(DATASET CONTENT Opens)

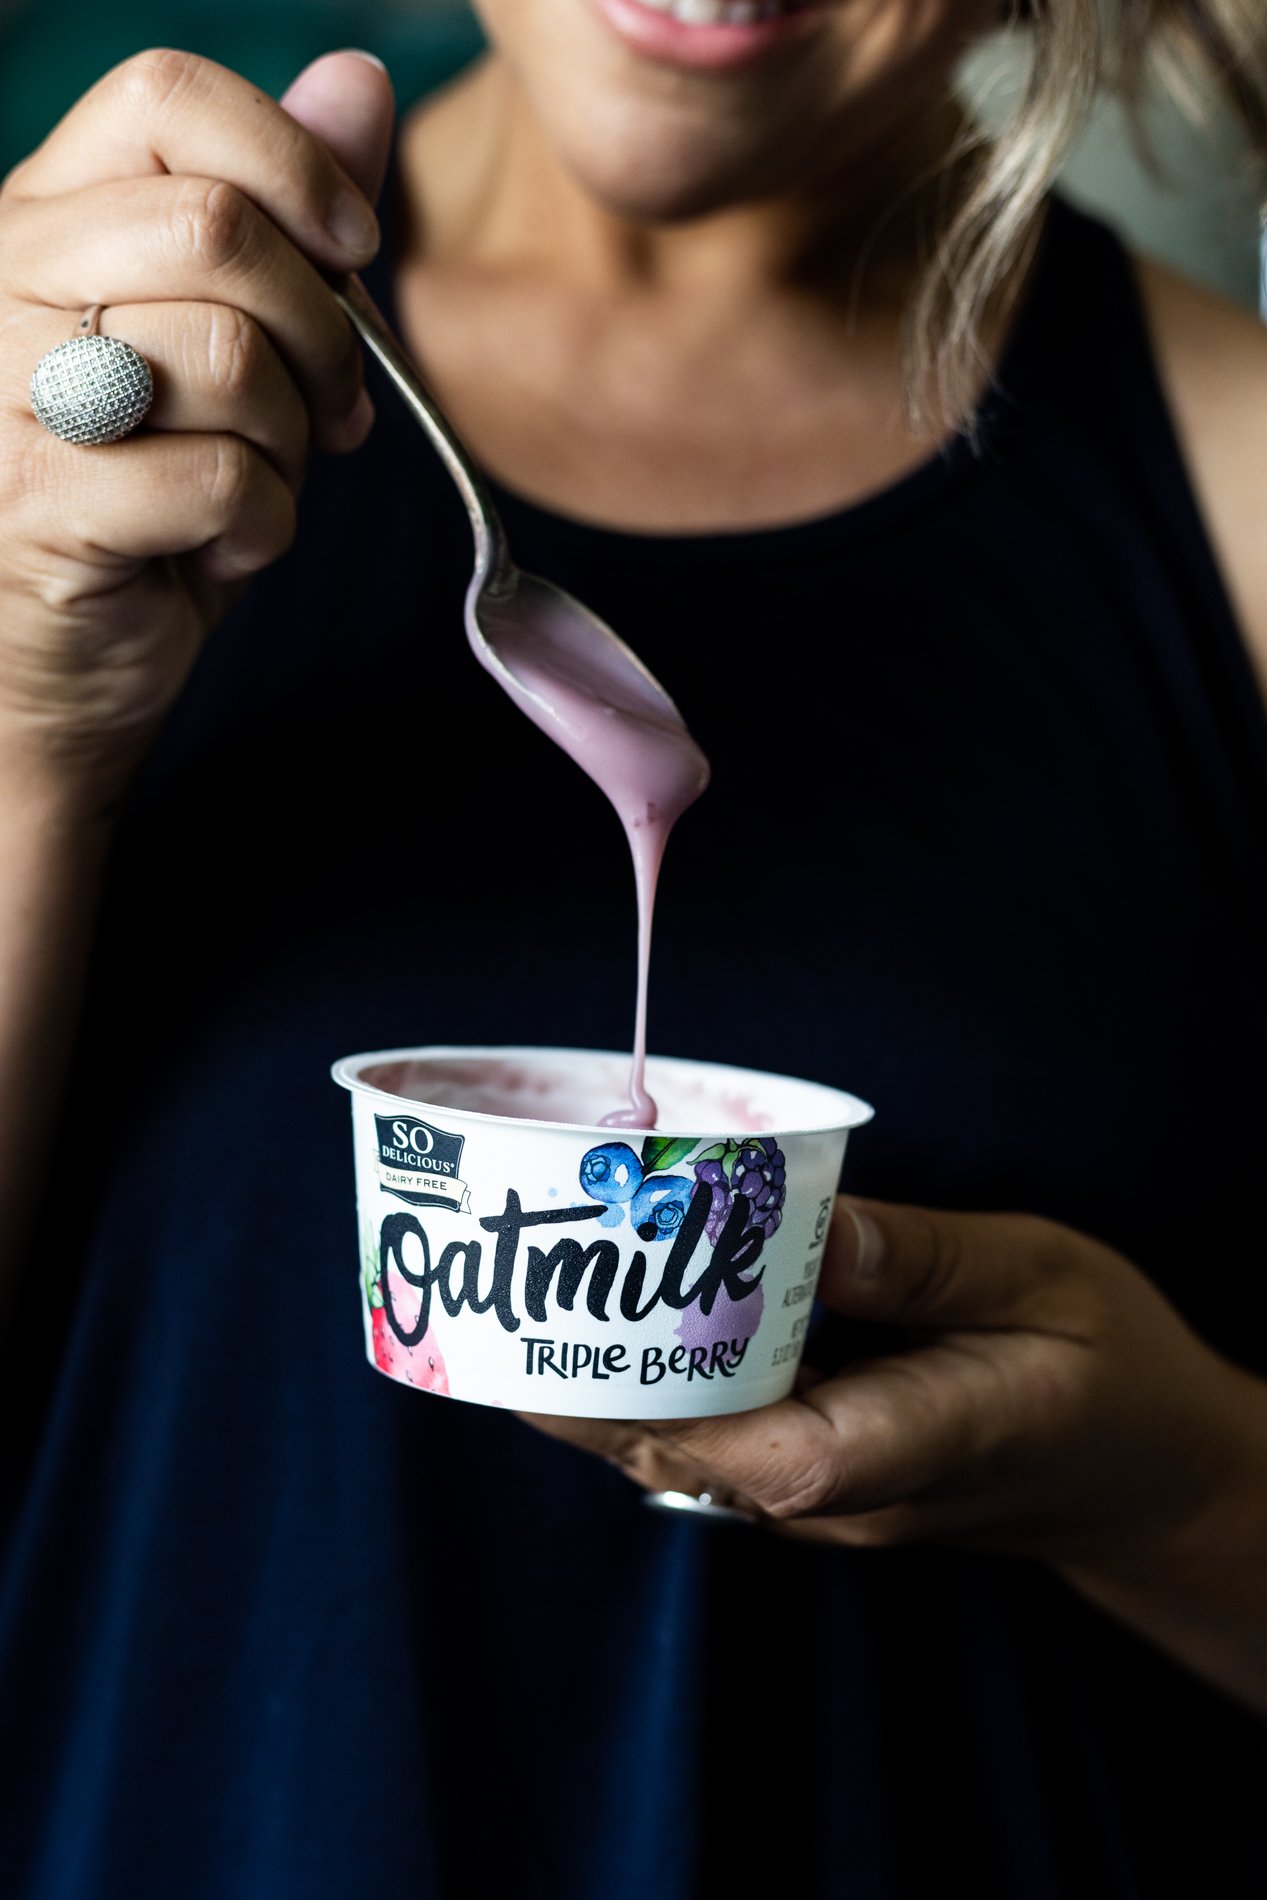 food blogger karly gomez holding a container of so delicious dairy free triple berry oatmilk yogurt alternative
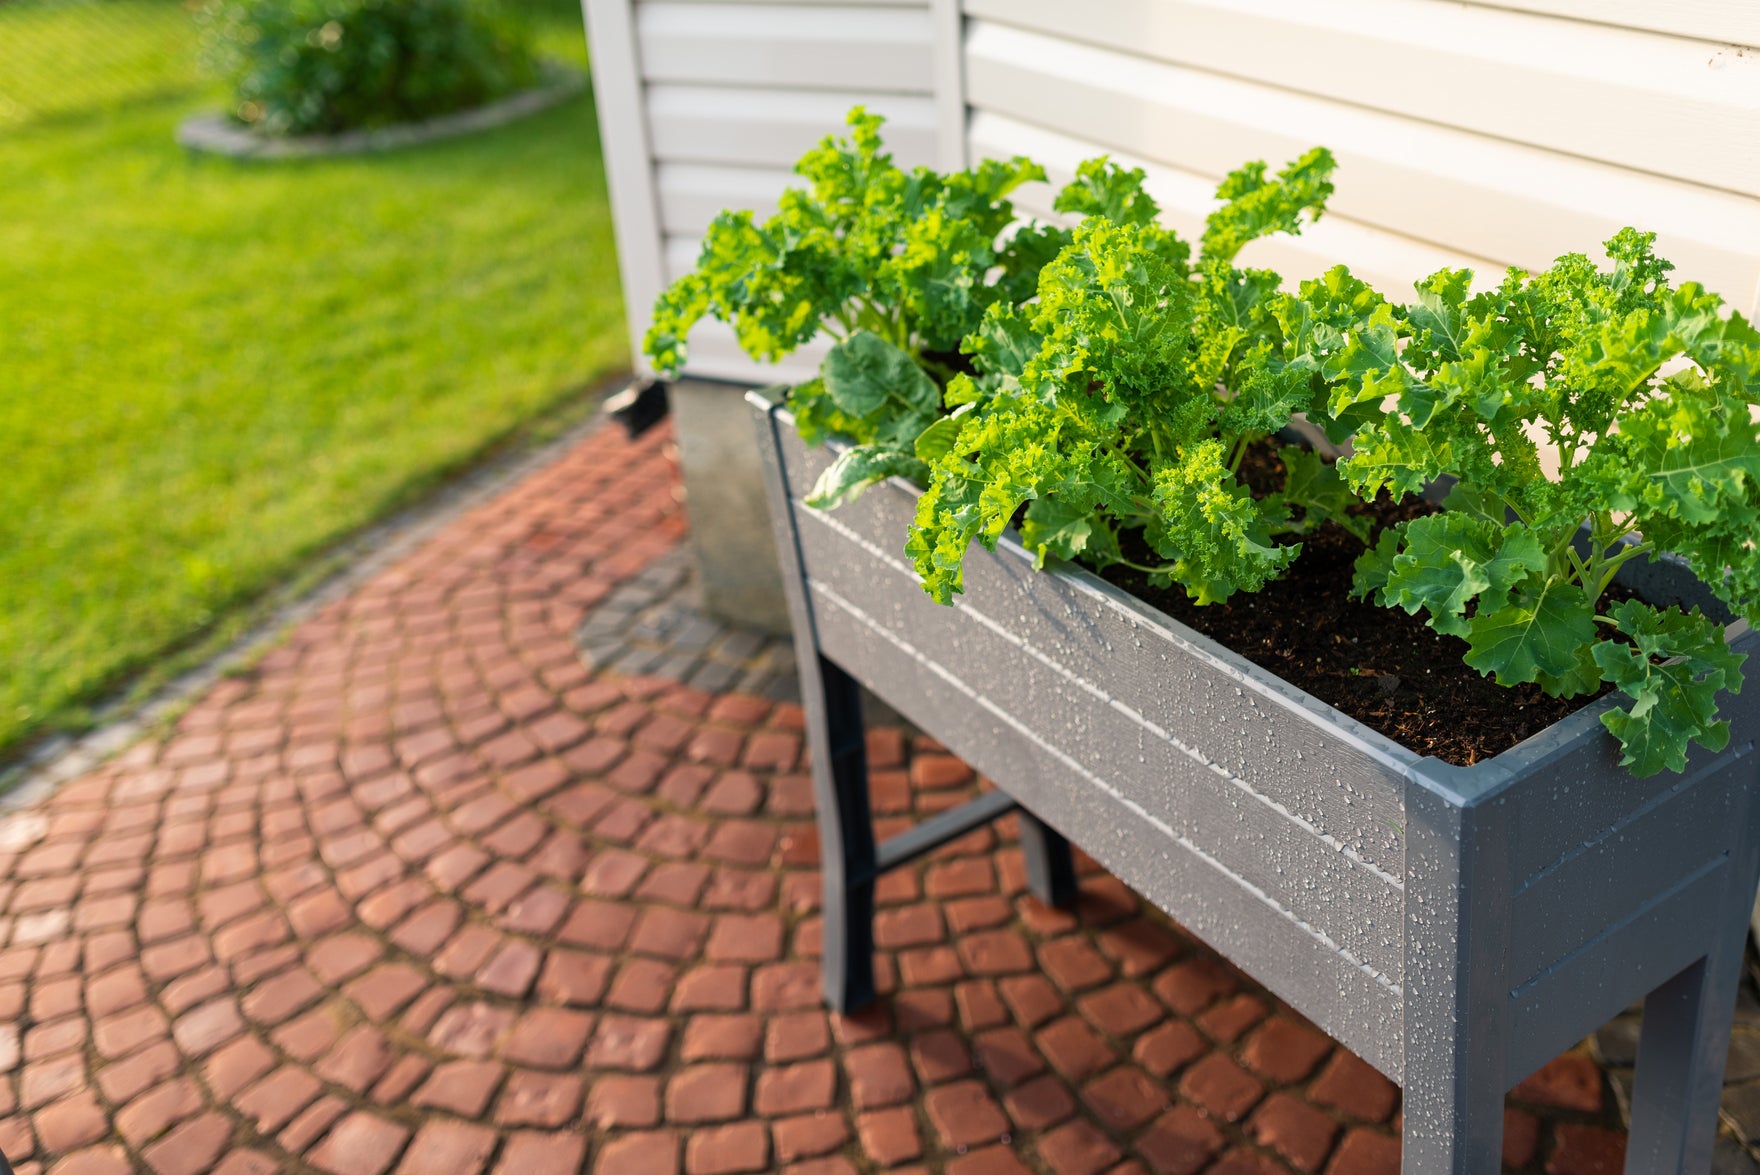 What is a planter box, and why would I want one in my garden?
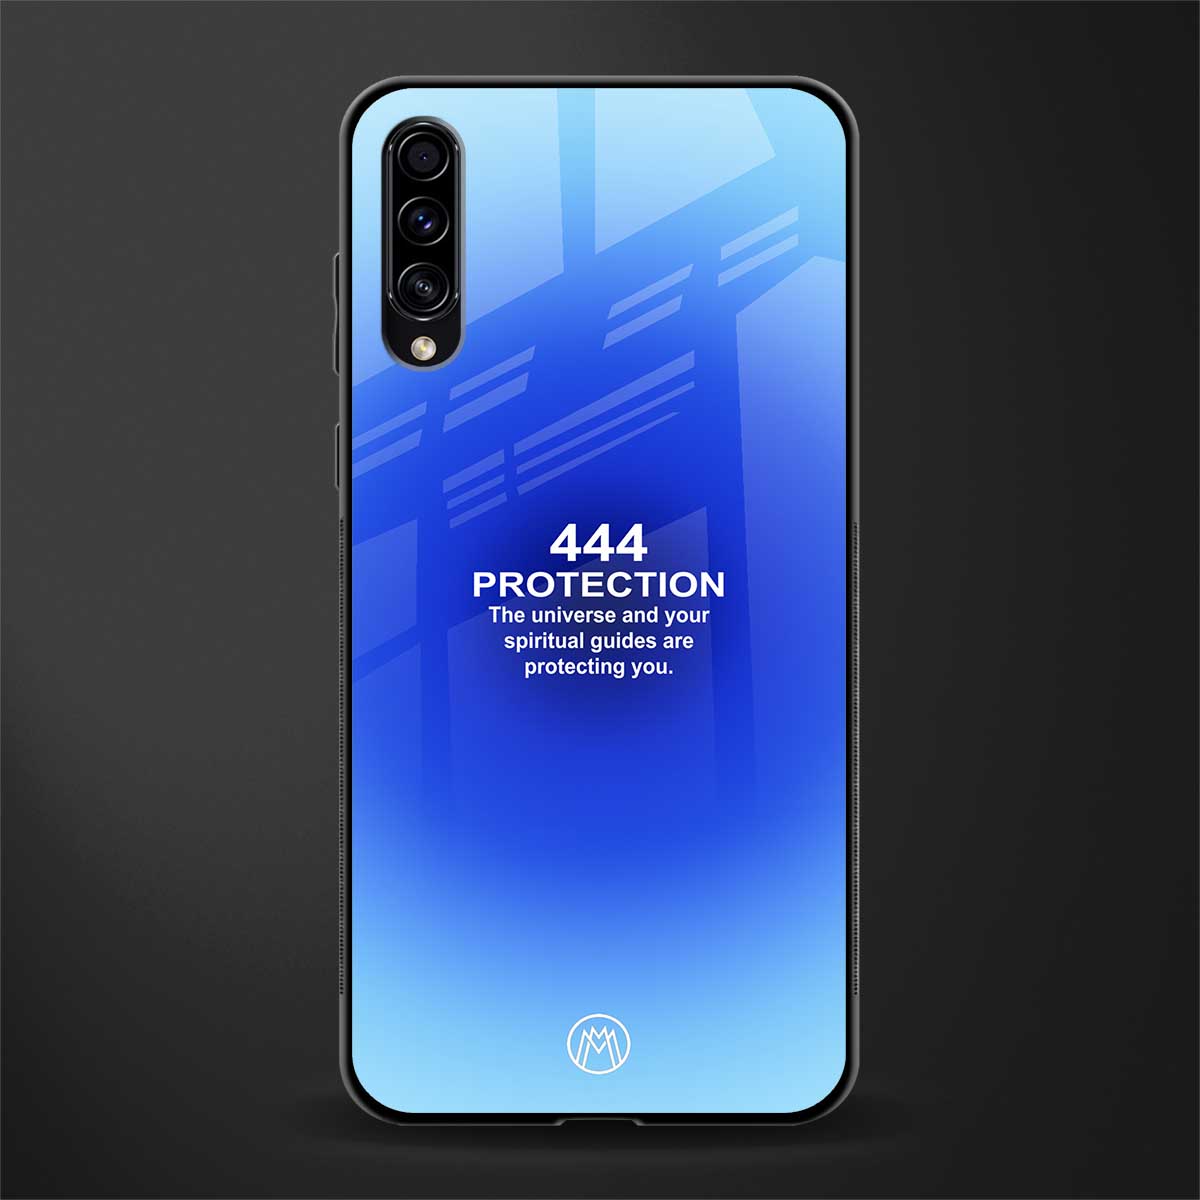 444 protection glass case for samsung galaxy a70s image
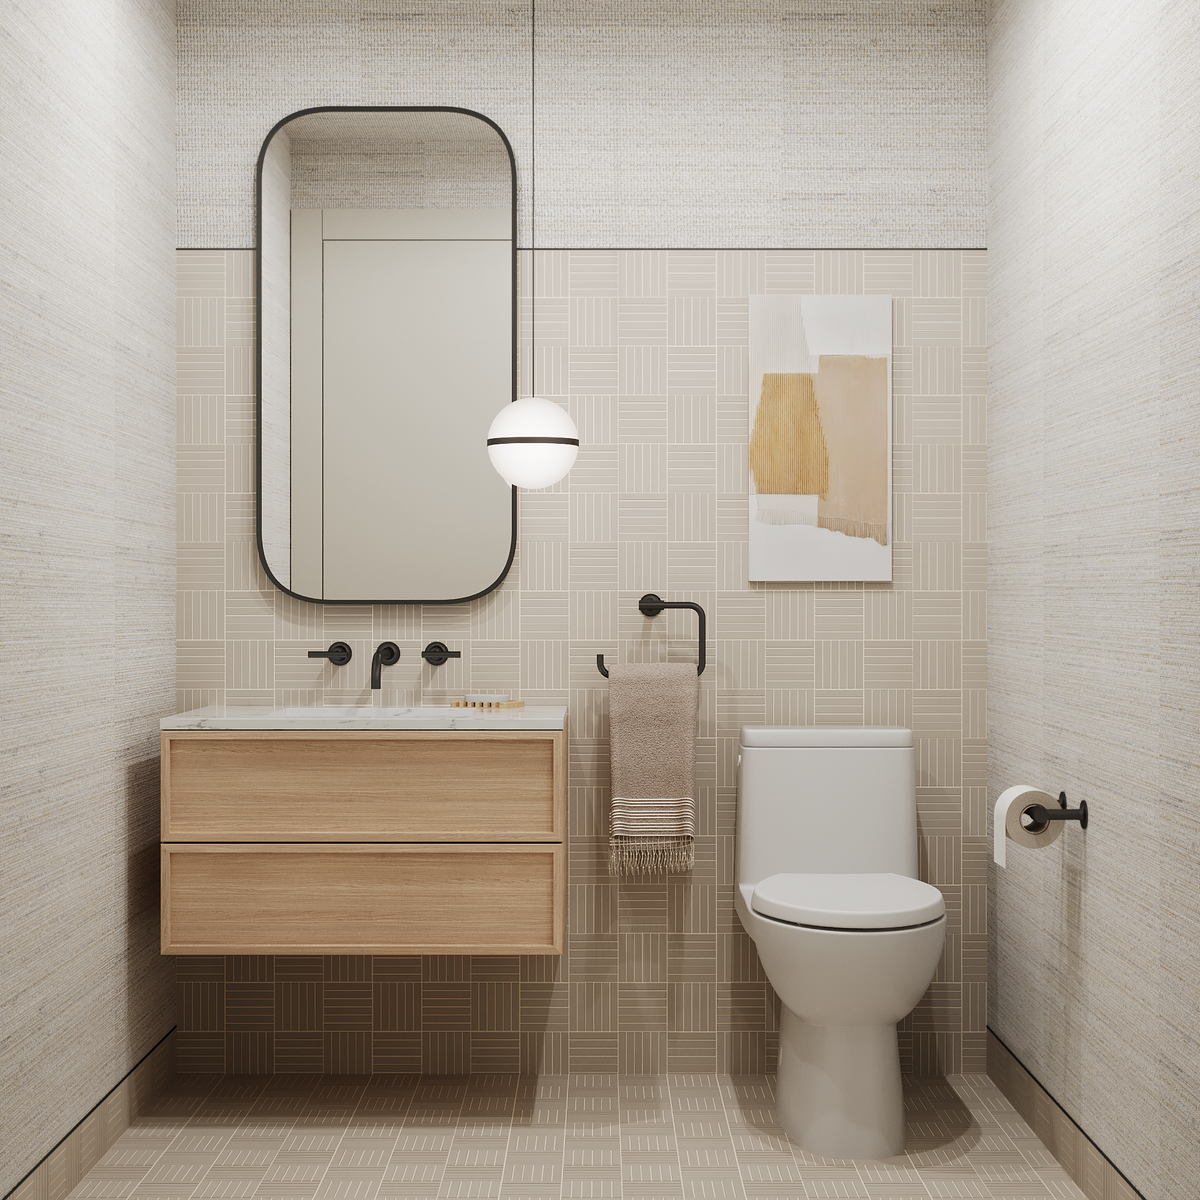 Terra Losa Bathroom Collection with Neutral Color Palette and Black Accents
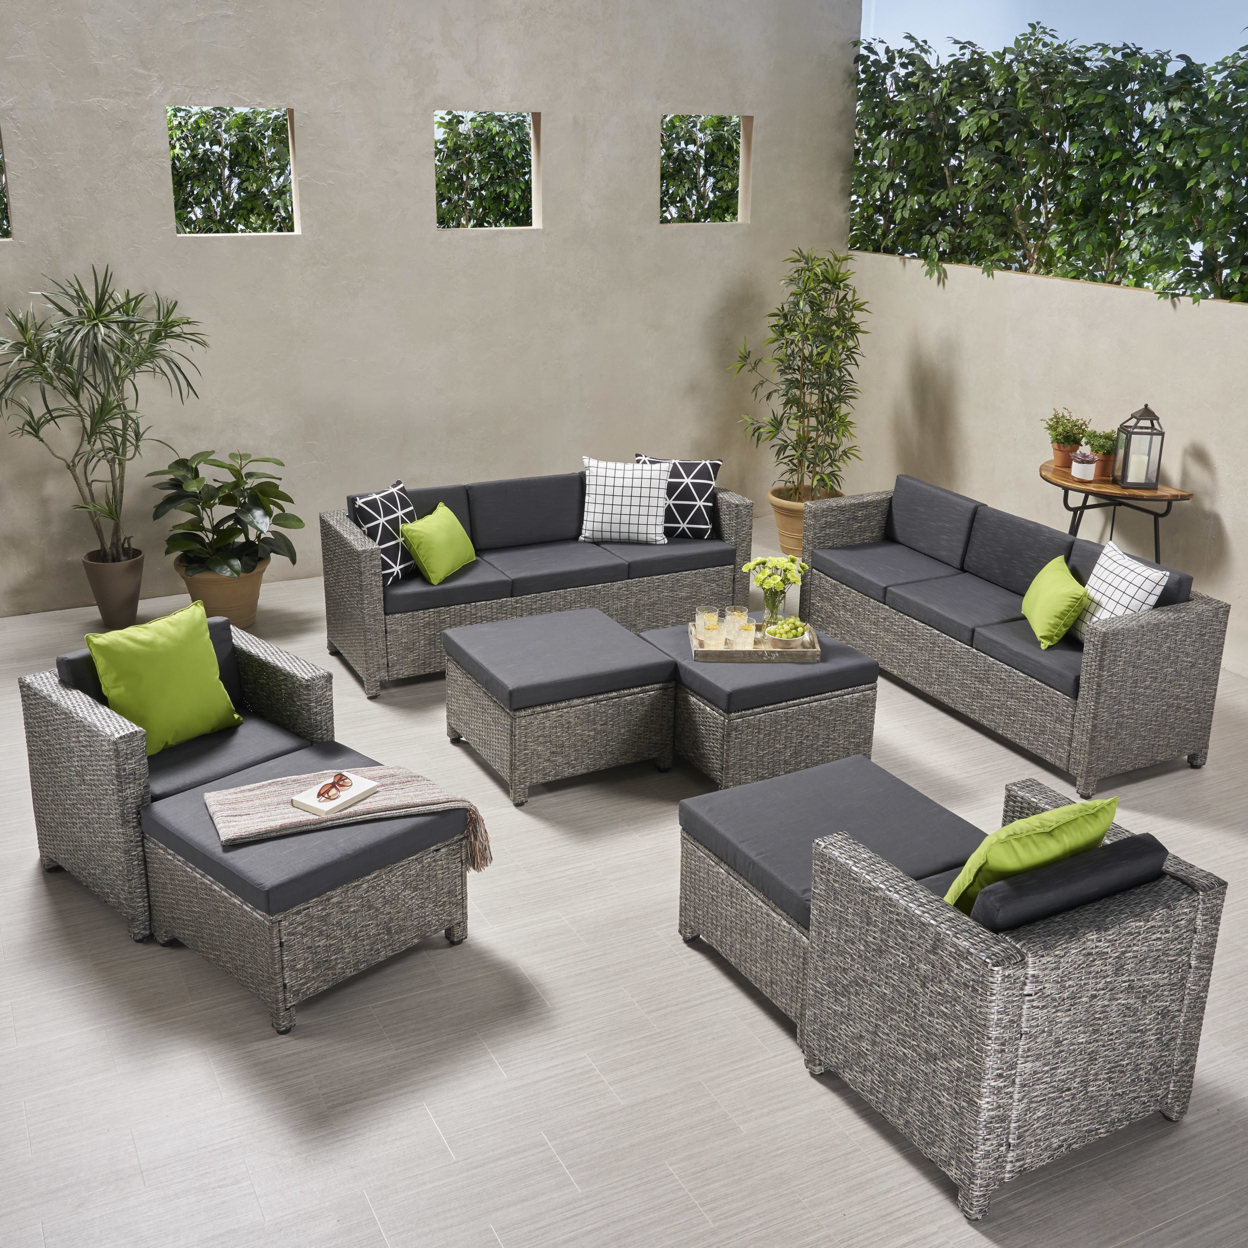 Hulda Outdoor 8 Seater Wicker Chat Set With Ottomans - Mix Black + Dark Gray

(DATASET CONTENT Closes)

INSTRUCTIONS FOR THE TASK: The data above are to be repeated word for word, with any pictures left out.

ANSWER BOX:
 food blogger karly gomez holding a container of so delicious dairy free triple berry oatmilk yogurt alternative
 What is a planter box, and why would I want one in my garden?
 444 protection glass case for samsung galaxy a70s image
 Terra Losa Bathroom Collection with Neutral Color Palette and Black Accents
 Hulda Outdoor 8 Seater Wicker Chat Set With Ottomans - Mix Black + Dark Gray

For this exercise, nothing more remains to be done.